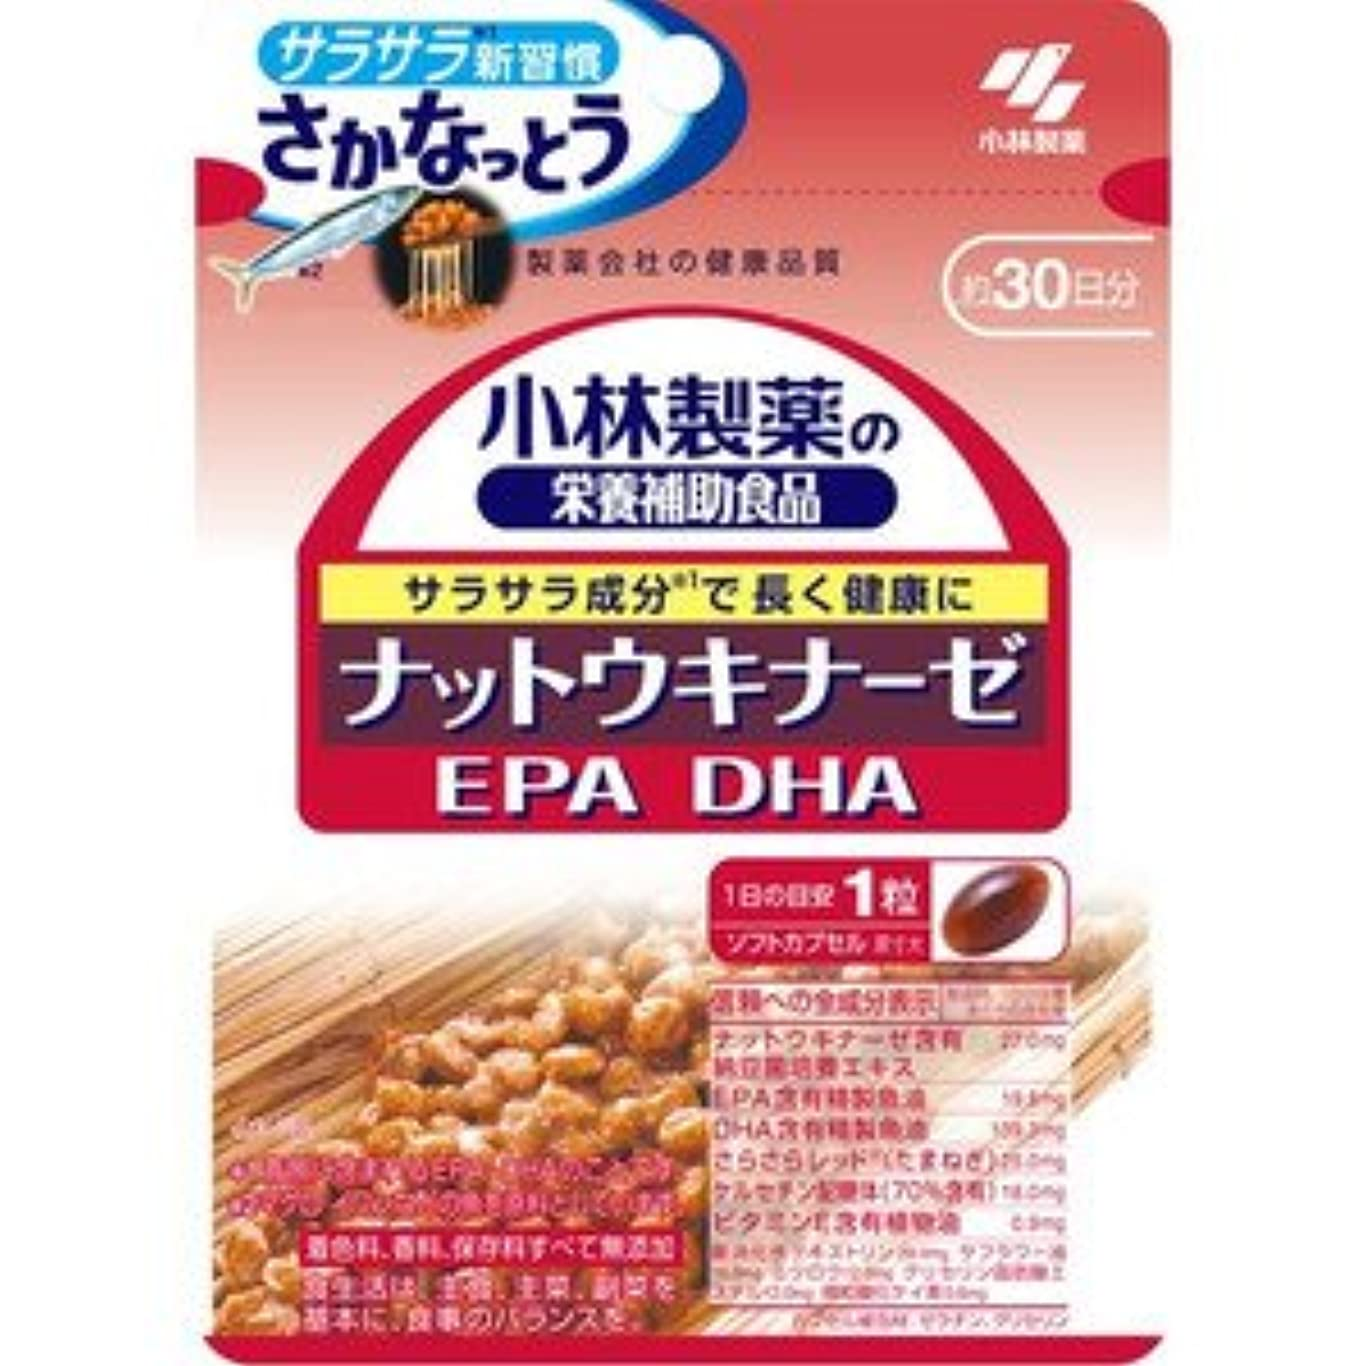 さらに罪悪感前述の【小林製薬】ナットウキナーゼ (EPA/DHA) 30粒(お買い得3個セット)
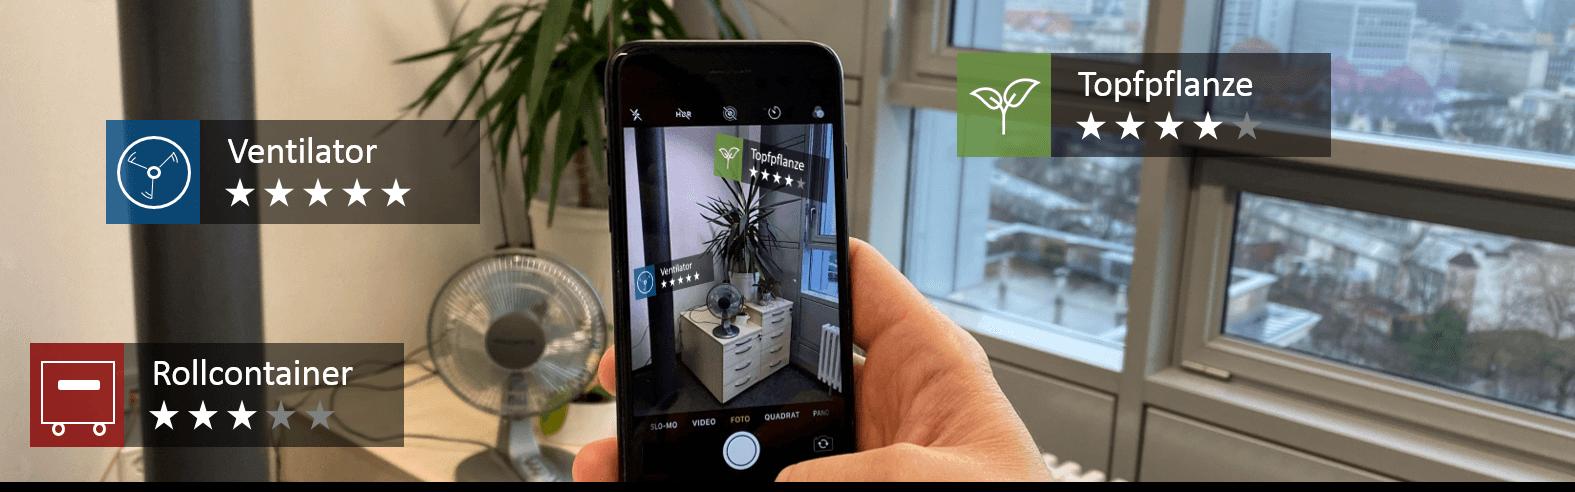 Kundenbewertungen in Augmented Reality
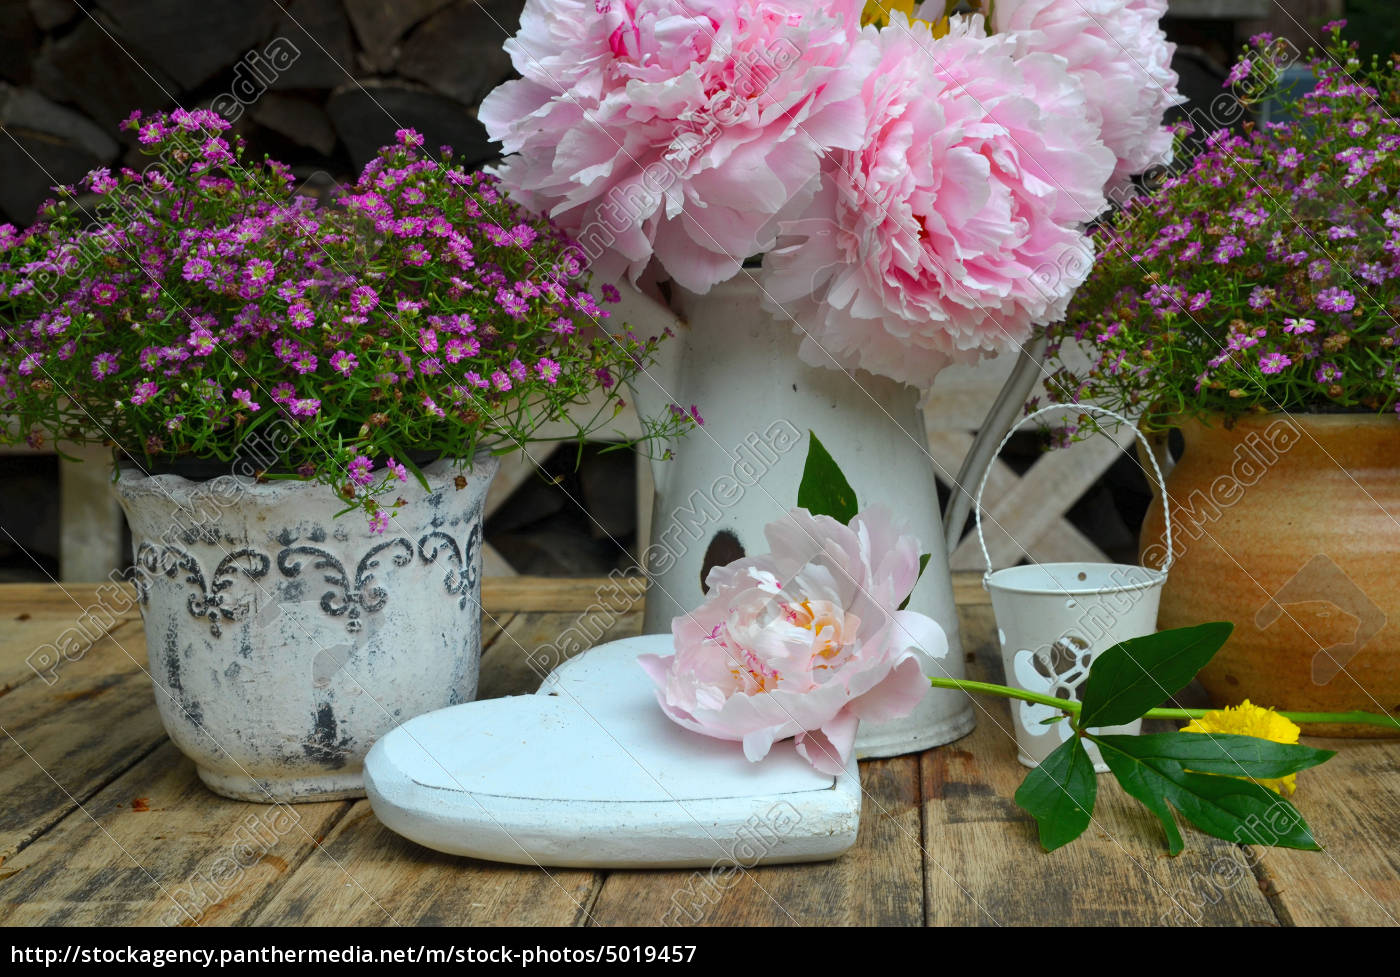 Dekoration Tisch.Lizenzfreies Bild 5019457 Garten Dekoration Tisch Blumen
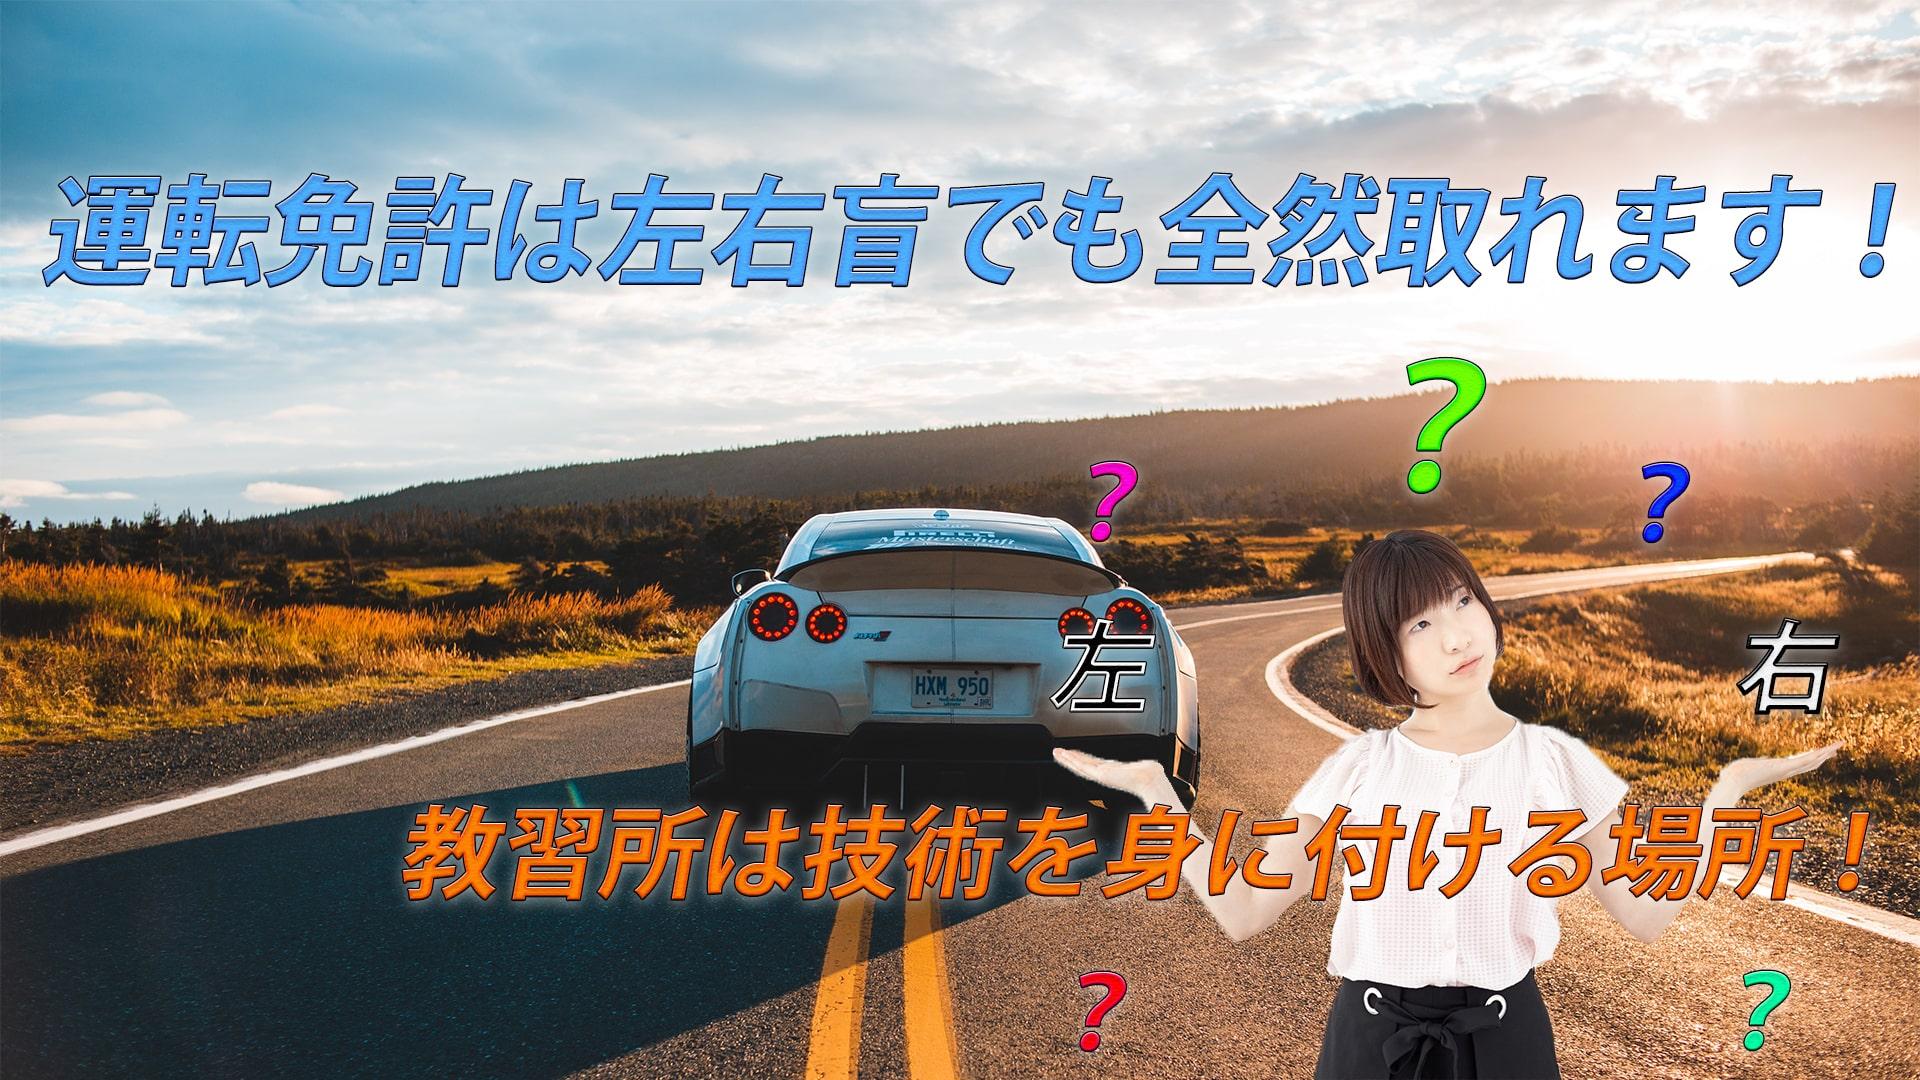 左右が瞬時に判断できない人は運転免許取れるの?(取れます!)

:::

Please reproduce the material above word for word, without its images.

 さらに罪悪感前述の【小林製薬】ナットウキナーゼ (EPA/DHA) 30粒(お買い得3個セット)
 Kundenbewertungen in Augmented Reality
 Dekoration Tisch.Lizenzfreies Bild 5019457 Garten Dekoration Tisch Blumen
 左右が瞬時に判断できない人は運転免許取れるの?(取れます!)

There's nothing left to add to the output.